FPO 611 with R.A.F. censorship and letter to Eire (present day Republic of Ireland). Left: Envelope endorsed “On Active Service” and cancelled with Field Post Office 611 dated 21 September 1943. The letter is censored with “RAF Censor 163”. This censorship is rare. Right: Envelope endorsed “O.A.S.” (On Active Service) and cancelled with Field Post Office 611 (type 2) dated 20 October 1942. Censored with “P.C.90-3017” and “4381”. Sent to Eire and it is not common. Envelopes owned by Steen Jack Petersen.

The third and final FPO that operated in the Faroes was number 695. This was allocated for use on 13th March 1943 and employed in Tórshavn until September 1945 when the last of the regular Garrison left the islands. (A small detachment of Royal Navy and then RAF personnel continued to man the LORAN station that had been erected at Skúvanes on Suðuroy until the end of 1946 when Danish naval personnel fully took over its operation). FPO 695 was clearly a replacement for FPO 219 but the reason behind this change is unclear and there was a period of several months when use of their cancellers overlapped.

Recent research in the Faroes has led not only to the identification of where the FPOs were located but also the discovery of some near contemporary photographs of the buildings they occupied. The one in Tórshavn was in the basement Tinghúsvegur 45 (nowadays renumbered to be 49). This was the home of Hans Joensen (Hansemann) and family and they continued to live in the upper storeys of the house. The 35KR stamp shows a pencil drawing of this house made by the well-known Faroese artist Ingálvur av Reyni.

In the garden of Tinghúsvegur 45. A British soldier together with Hansemann and his daughters. Photo: Anita Joensen.

The building occupied by the Miðvágur FPO had been built in the 1930s and its present day address is Bótalsvegur 11. The Hansen family who had lived there, moved to Leirvík after the property was requisitioned by the British military.

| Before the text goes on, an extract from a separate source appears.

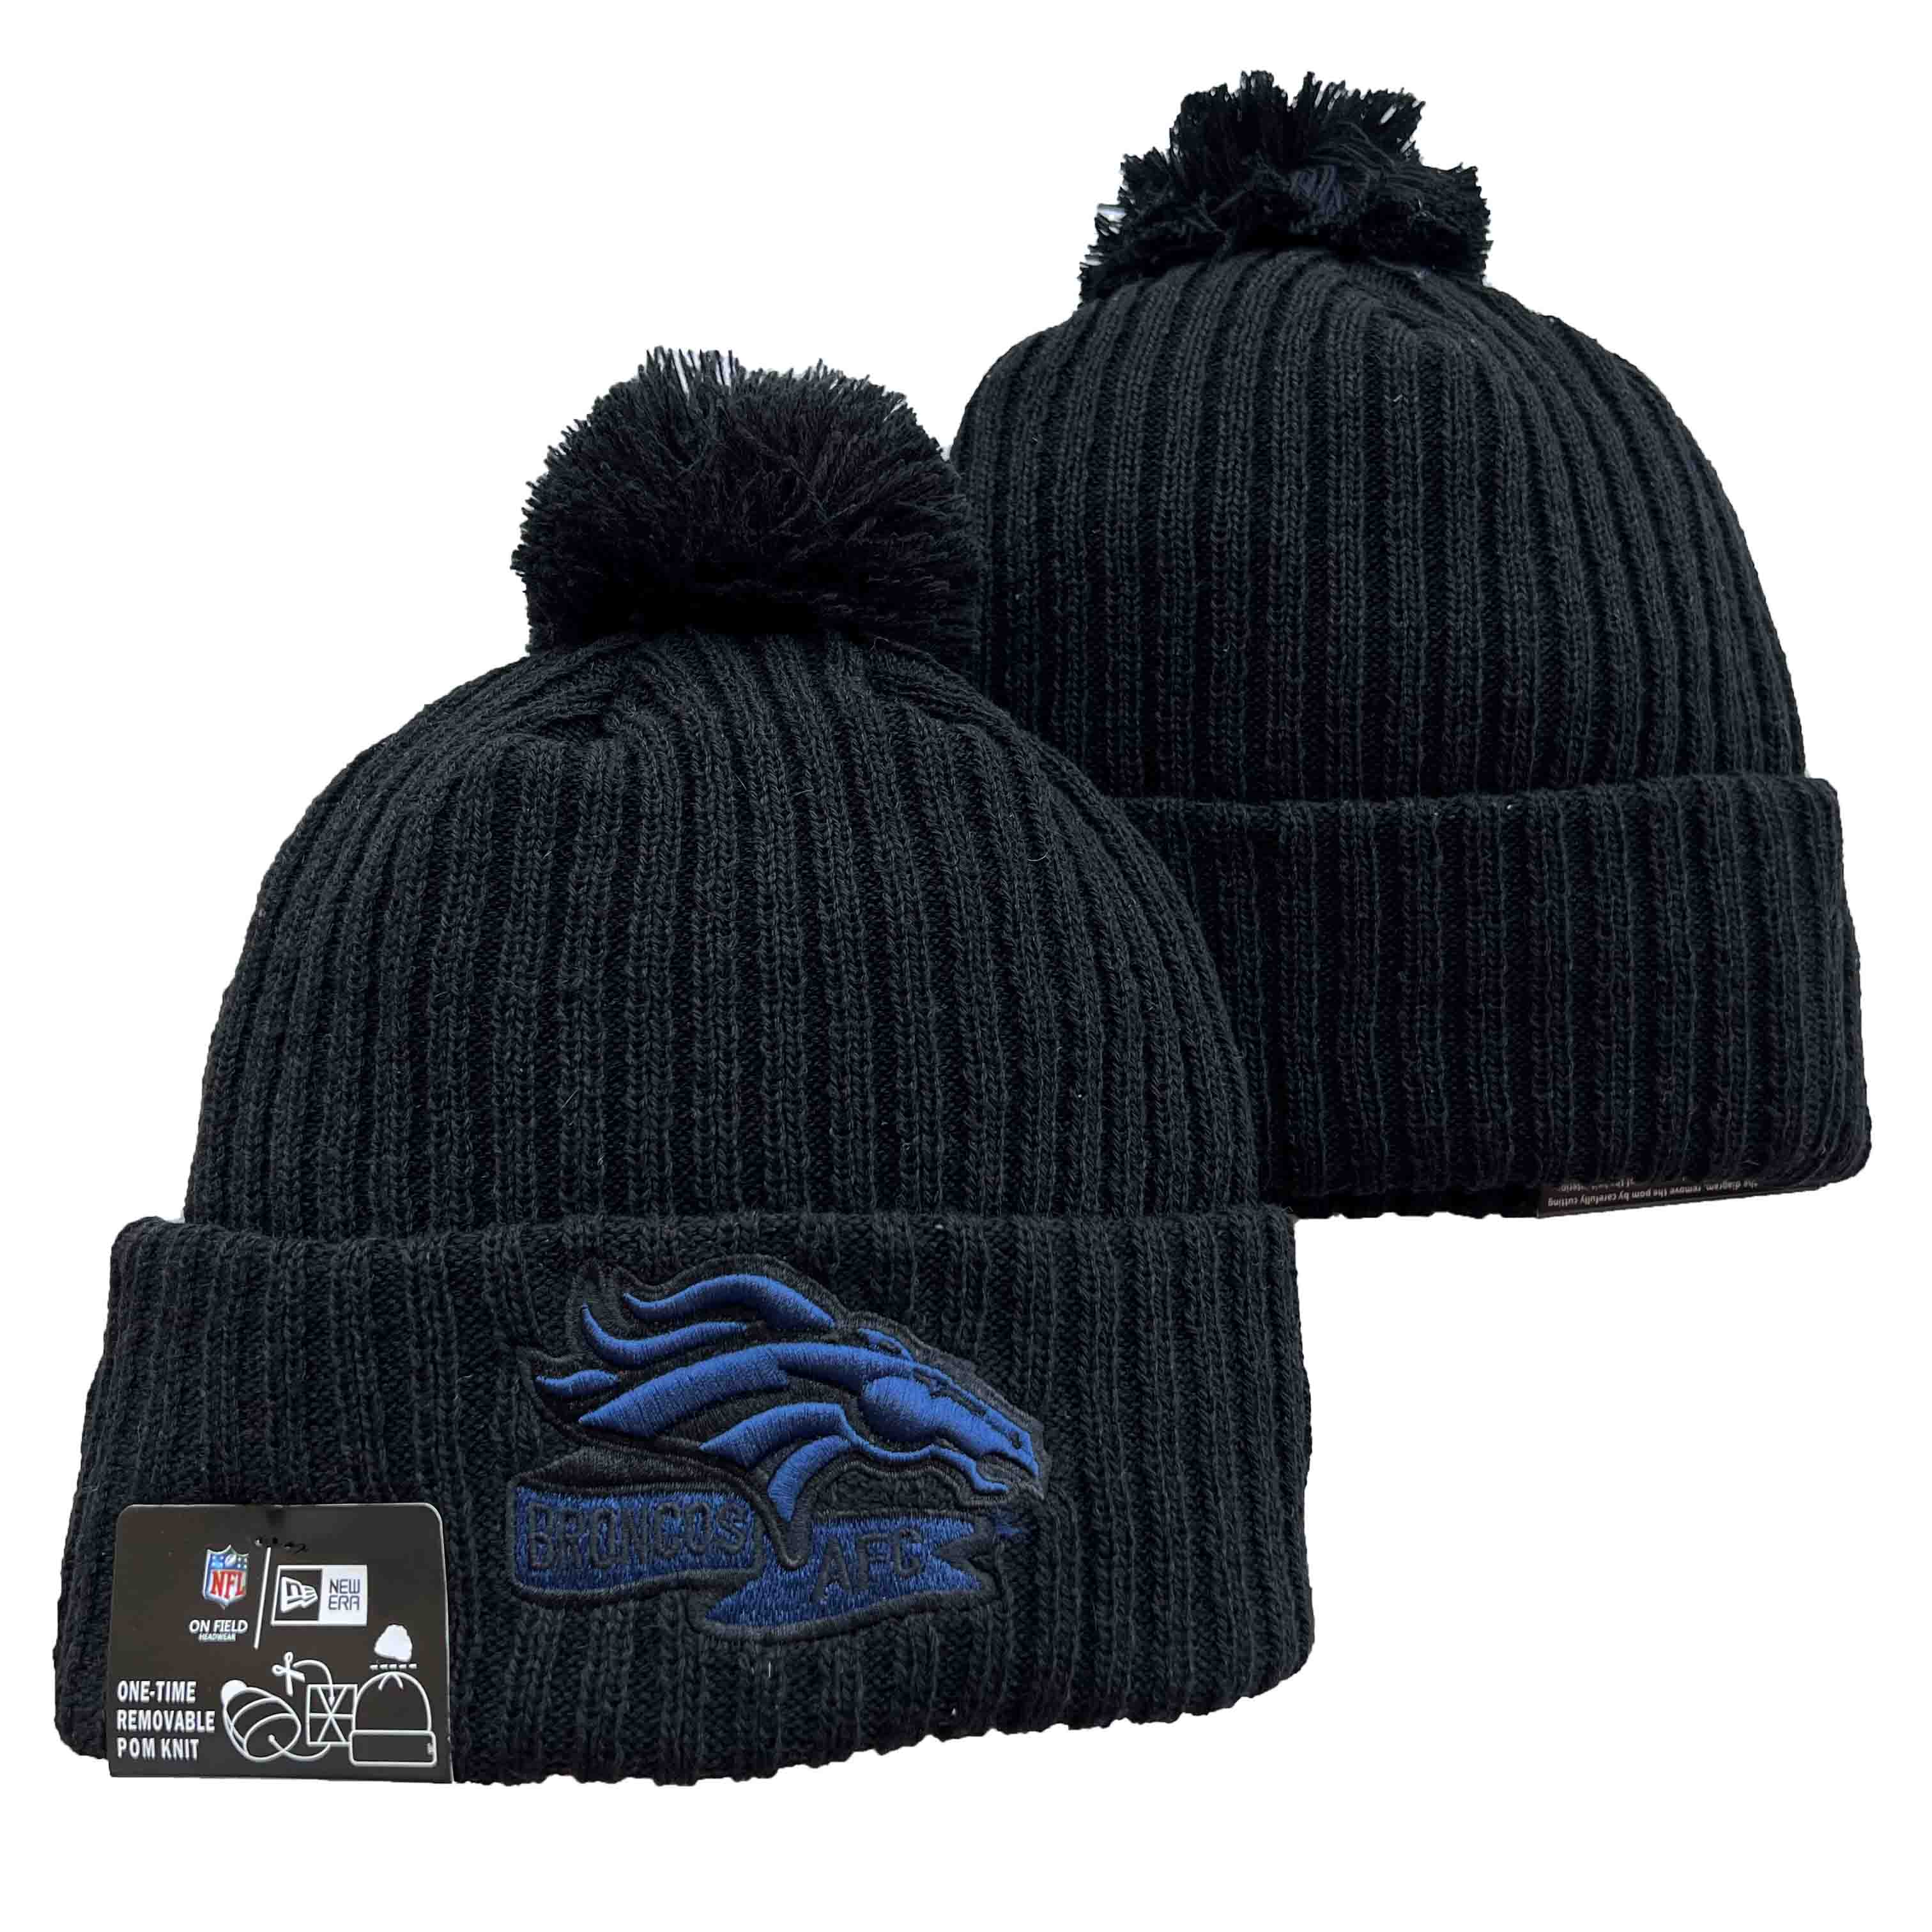 NFL Denver Broncos Beanies Knit Hats-YD932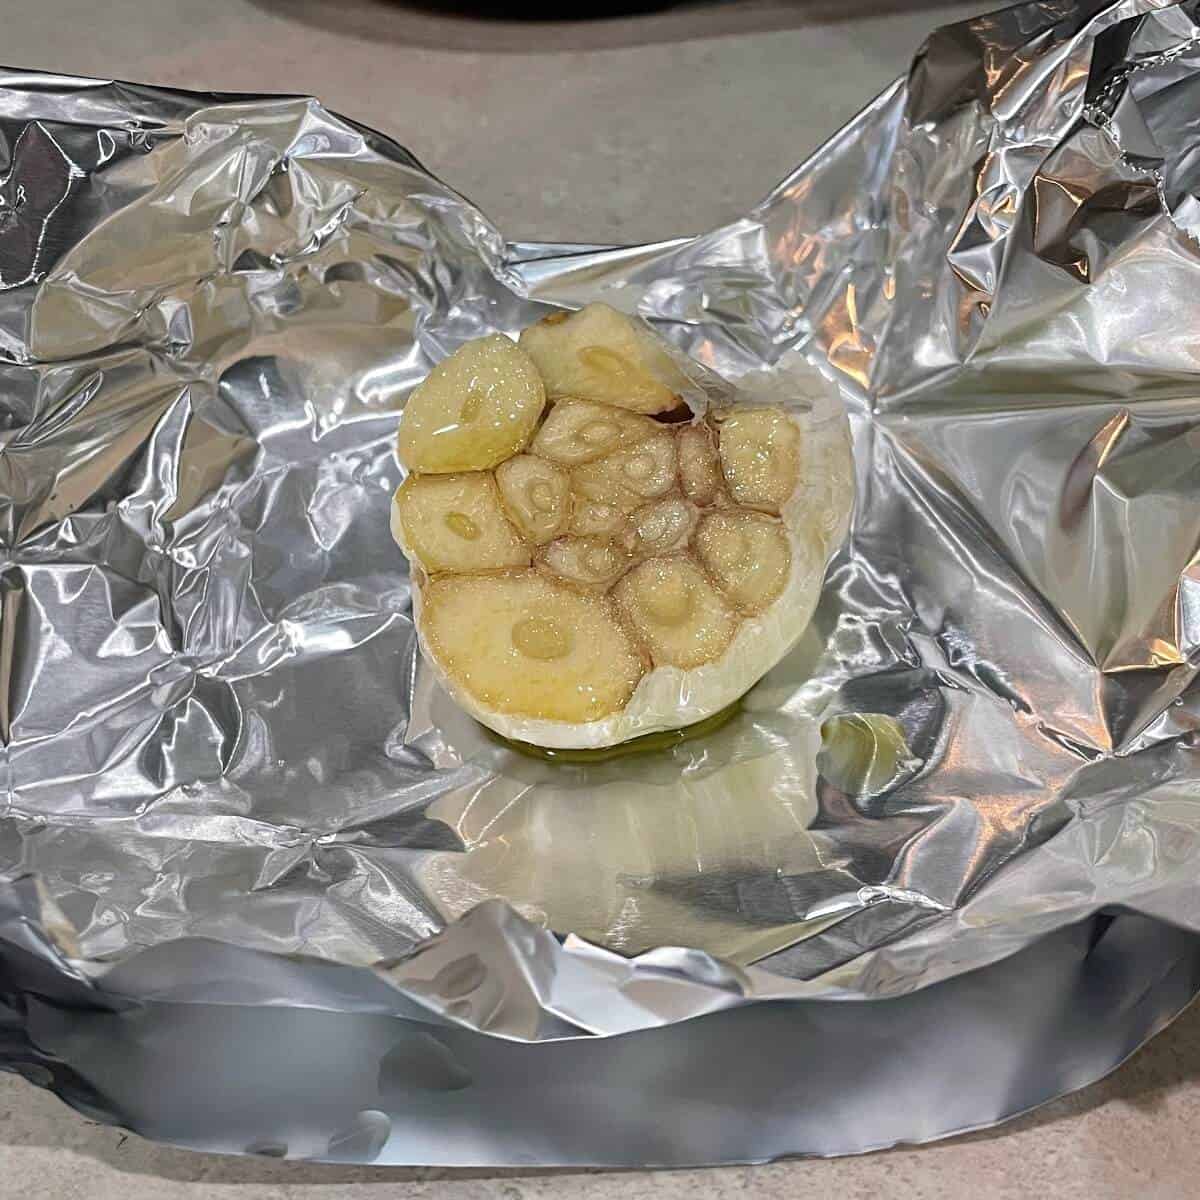 How to Roast Garlic in Air Fryer

An image of the property has formed the basis of the design of the 20KR stamp.

What about the personnel who worked in the FPOs? Surprisingly we can identify one of those who wielded the FPO 219 canceller on military mail leaving the islands. He was an NCO in the Royal Engineers, Sergeant Kenneth Williamson who, in correspondence after the war with a leading early collector of Faroese philately and postal history, confirmed that this was amongst his duties from his arrival in the Faroes in September 1941 until sometime the following year. However much Williamson appreciated that duty he certainly enjoyed his posting to the islands, researching their natural history and culture in his spare time and also meeting his future wife there, becoming one of the several British servicemen who married local girls. Williamson’s wedding to Esther Rein, the youngest daughter of Niels and Hansina Rein of Landavegur, Tórshavn, took place in the Havnar Kirkja on 14th March 1944.

On his return to Britain after the war, Williamson wrote “The Atlantic Islands: The Faeroe Life and Scene”, which was published by Collins in 1948 and which was for many years the definitive English text on the islands.